Nöronal sinaps yapısı, çeşitleri ve nasıl çalıştığı
nöronal sinaps bilgi aktarma hedefi ile iki nöronun terminal düğmelerinin birleşmesinden oluşur. Sinaps kelimesi Yunanca'dan geliyor. sunaptein, "toplamak" demek..
Sinapsta, bir nöron mesajı gönderirken, diğerinin bir kısmı onu alır. Böylece, iletişim genellikle bir yönde gerçekleşir: bir nöron veya hücrenin terminal butonundan diğer hücrenin zarına. Bazı istisnalar olduğu doğru olsa da.
Her bir nöron, diğer sinir hücrelerinin terminal düğmelerinden bilgi alır. Ve sırayla, sonuncunun terminal düğmeleri diğer nöronlarla sinapslaşıyor.
Terminal düğmesi, bir sinonun ucunda, sinapsta bilgi gönderen küçük bir kalınlaşma olarak tanımlanır. Oysa bir akson, nöronun çekirdeğinden terminal düğmesine kadar mesajlar taşıyan bir tür uzatılmış ve ince "kablo" dur..
Tek bir nöron yüzlerce nörondan bilgi alabilir ve her biri onunla çok sayıda sinaps kurabilir..
Sinir hücrelerinin terminal düğmeleri soma veya dendritlerin membranı ile sinaps yapabilir.
Soma veya hücre gövdesi, nöronun çekirdeğini içerir.

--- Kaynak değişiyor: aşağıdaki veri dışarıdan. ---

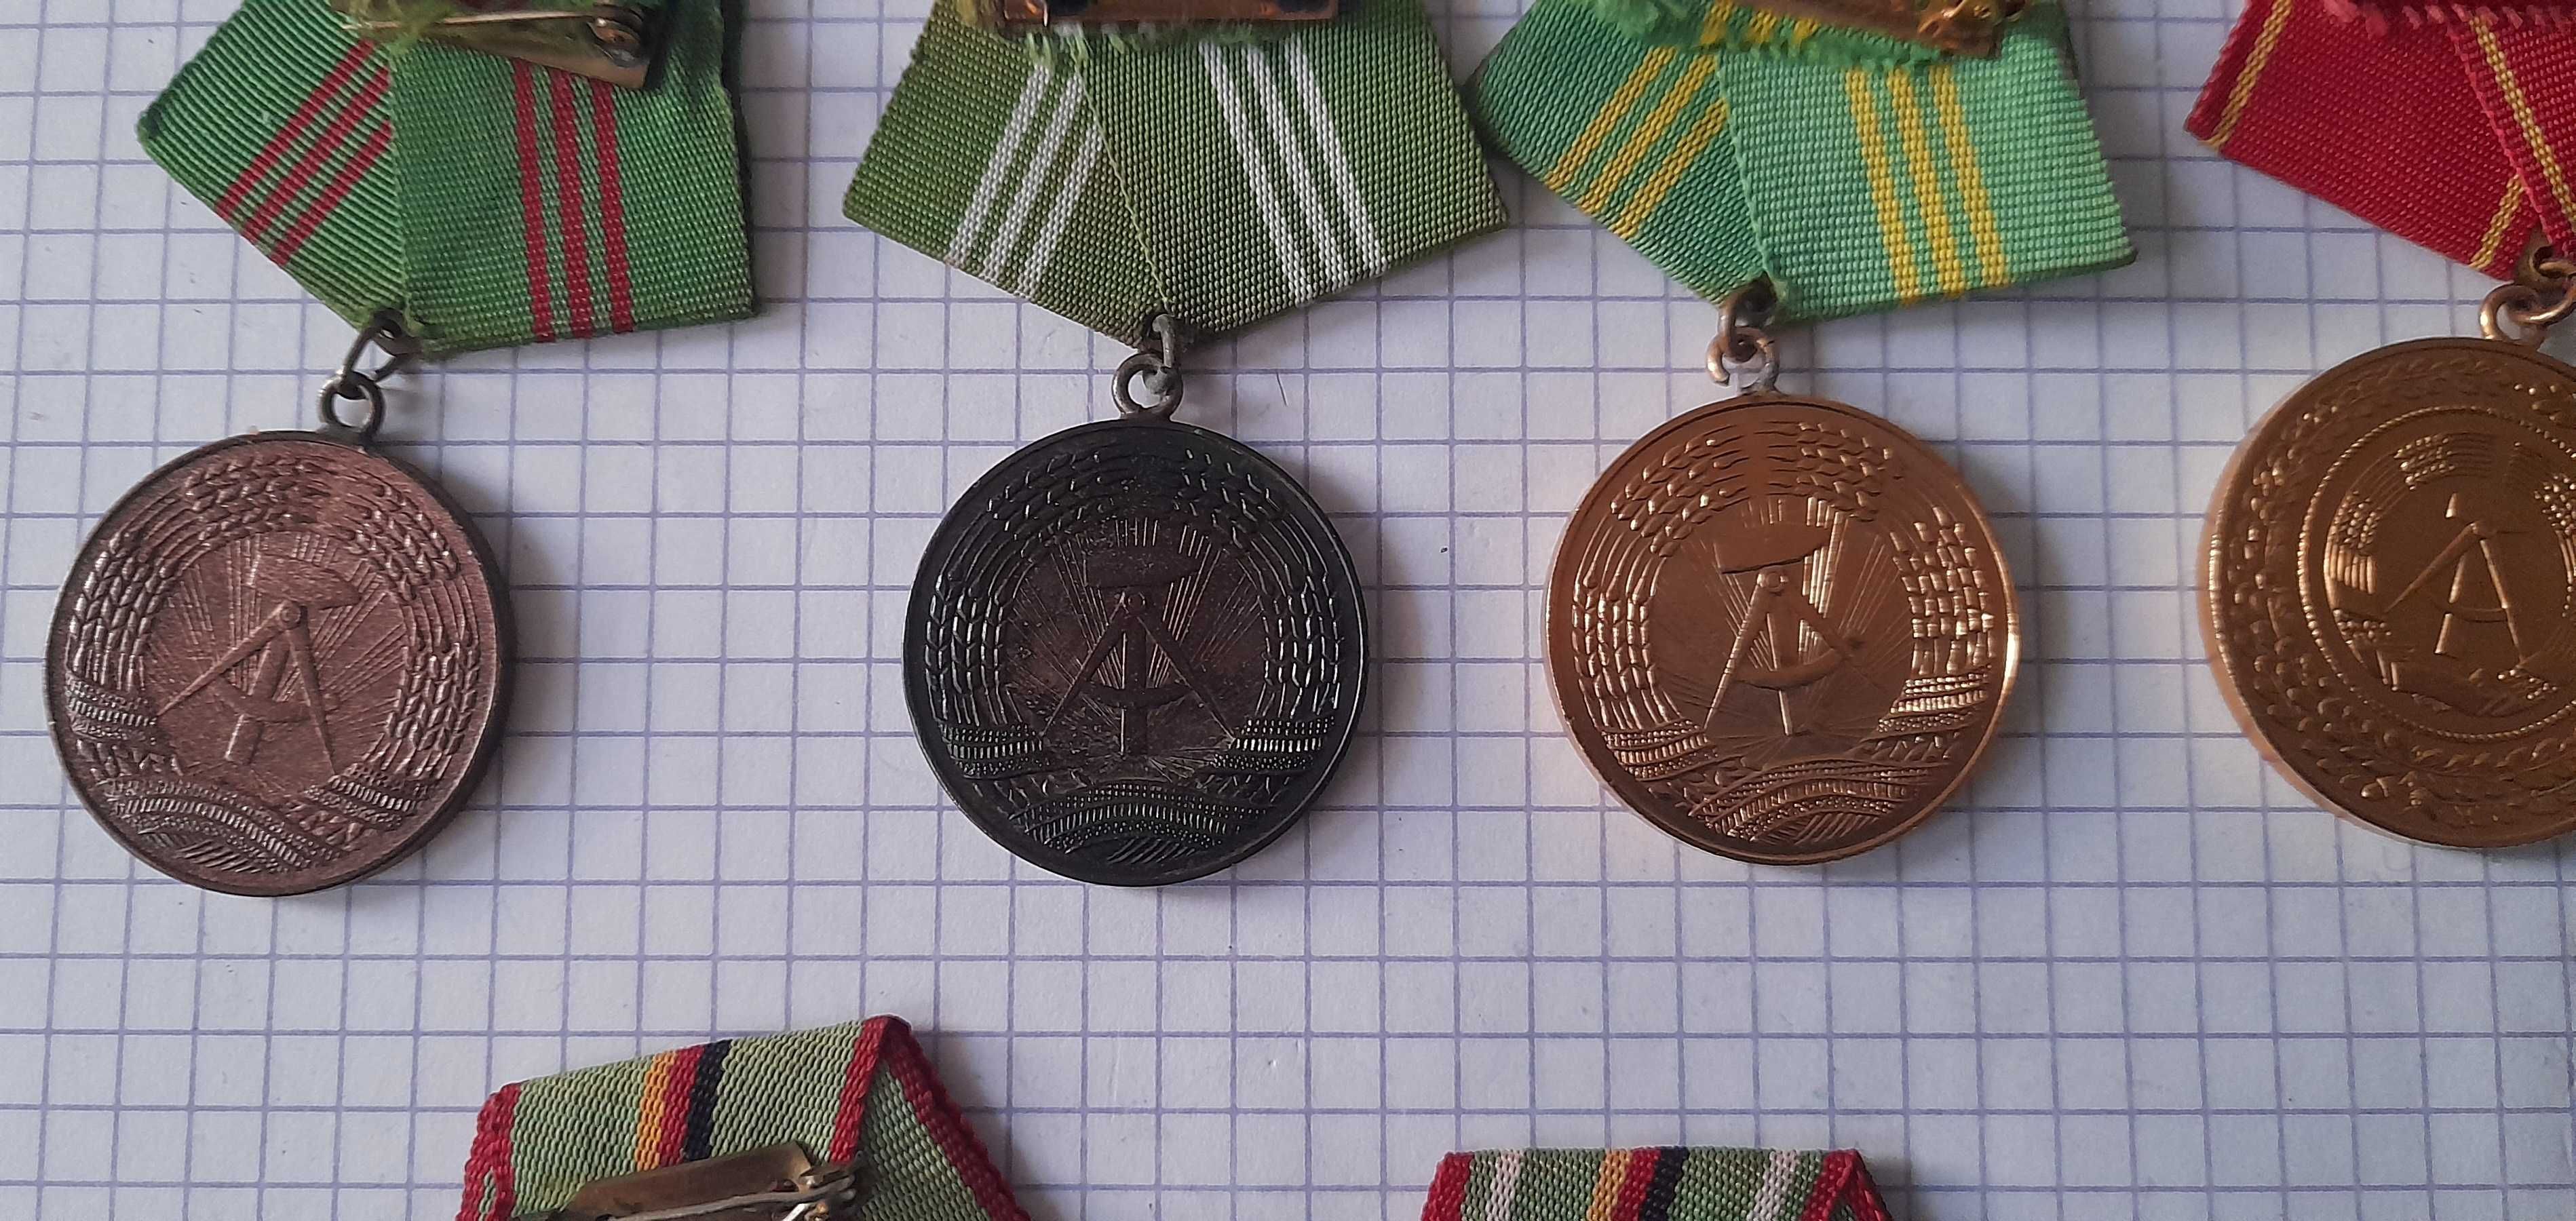 medale policja milicja wschodnioniemiecka NRD (DDR) volkspolizei

Hücrenin korunmasını mümkün kılan mekanizmalara sahiptir. Buna karşılık, dendritler, nöronun somadan başlayan bir ağaca benzeyen dallarıdır..
Bir aksiyon potansiyeli bir nöronun aksonundan geçtiğinde, terminal düğmeleri kimyasalları serbest bırakır. Bu maddelerin, bağlandıkları nöronlar üzerinde uyarıcı veya engelleyici etkileri olabilir. Tüm sürecin sonunda, bu sinapsların etkileri davranışımızı arttırıyor..
Bir eylem potansiyeli, bir nöron içindeki iletişim süreçlerinin ürünüdür. İçinde akson zarında kimyasalların ya da nörotransmiterlerin salınımına neden olan bir dizi değişiklik vardır..
Nöronlar nörotransmiterleri birbirleriyle bilgi göndermenin bir yolu olarak sinapslarında paylaşırlar..
Heyecan verici sinaps
Uyarıcı bir nöronal sinaps örneği, yandığımızda geri çekilme refleksi olacaktır. Duyusal bir nöron sıcak nesneyi algılar, çünkü dendritlerini uyarırdı..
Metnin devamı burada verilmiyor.